Ein Mann an einem Tisch schreibt

Corona-Sofortpaket für Südafrika.

Seit fast 50 Jahren ist die BMW Group mit einem Produktionswerk in Rosslyn vertreten – und engagiert sich dort in verschiedenen lokalen Bildungs- und Gesundheitsprojekten nicht nur für die eigenen Mitarbeiter, sondern auch für die Menschen in der Region. Auch in der aktuellen Corona-Krise hilft das Unternehmen dort, wo Hilfe am meisten benötigt wird.

 Südafrika ist derzeit die am stärksten von COVID-19 betroffene Region des Kontinents.

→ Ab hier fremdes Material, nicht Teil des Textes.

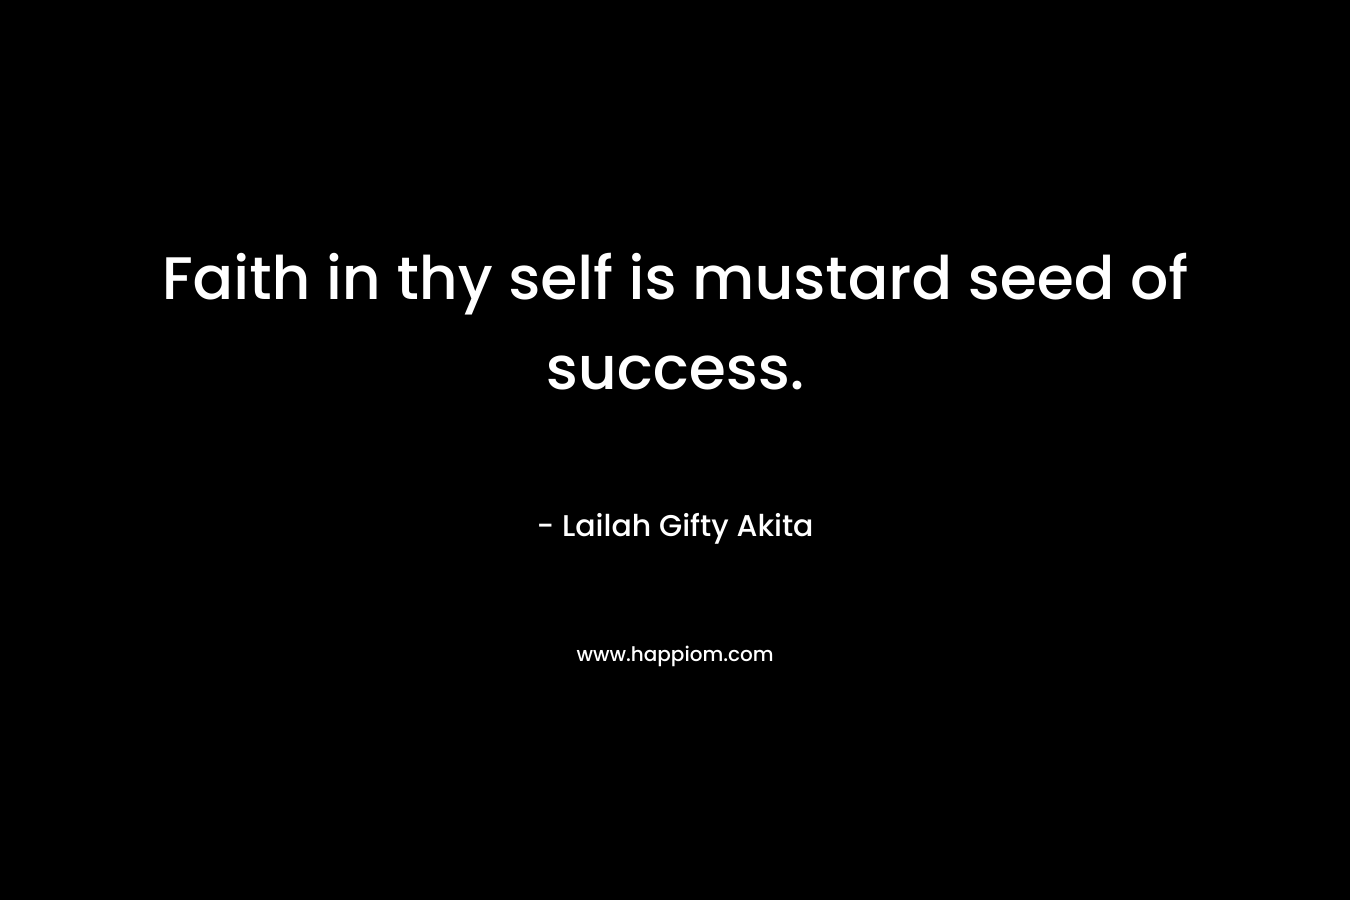 Faith in thy self is mustard seed of success. – Lailah Gifty Akita

Wie in vielen anderen afrikanischen Ländern fehlt es auch hier an Notfallbetten, Beatmungsgeräten und Laboren.

 Die BMW Group South Africa und das deutsche Entwicklungsministerium haben daher jetzt in enger Abstimmung mit der südafrikanischen Regierung und der Gesundheitsbehörde ein Corona-Sofortprojekt gestartet.

 Dieses beinhaltet den Ausbau der medizinischen Infrastruktur von acht Krankenhäusern und vier Kliniken. Mit der Sofort-Hilfe soll vor allem die am stärksten betroffene Provinz Gauteng, im Norden Südafrikas, unterstützt werden. Die Region ist mit den Metropolen Johannesburg und Pretoria nicht nur das Wirtschaftszentrum des Landes, sondern seit fast 50 Jahren mit einem Werk in Rosslyn auch Standort der BMW Group South Africa.

 750 zusätzliche Krankenhausbetten und eine Flotte BMW X3.

Zum Corona-Sofort-Paket des Bundesentwicklungsministeriums steuerte die BMW Group South Africa Leistungen in Höhe von 2,7 Millionen Euro bei, „um dort Hilfe zu leisten, wo sie am meisten benötigt wird“, begründete BMW Group Vorstandsvorsitzende Oliver Zipse. Anlässlich einer virtuellen Zeremonie, mit der er zusammen mit Entwicklungsminister Dr. Gerd Müller und dem südafrikanischen Gesundheitsminister Zwelini Lawrence Mkhize den Startschuss für das Projekt gab, betonte Zipse: „In einer globalen Krise wie der Corona-Pandemie zählt Solidarität mehr als alles andere.“

Gemeinsam wollen die Kooperationspartner die Versorgung von Masken und Desinfektionsmittel sowie von 750 zusätzlichen Krankenhausbetten sicherstellen. Neben der finanziellen Hilfe unterstützt die BMW Group South Africa das südafrikanische Rote Kreuz auch mit einer Flotte von Fahrzeugen, um u.a. Lebensmittelpakete in entlegene Gemeinden zu transportieren. Bei den Fahrzeugen handelt es sich um BMW X3, die in Rosslyn hergestellt werden.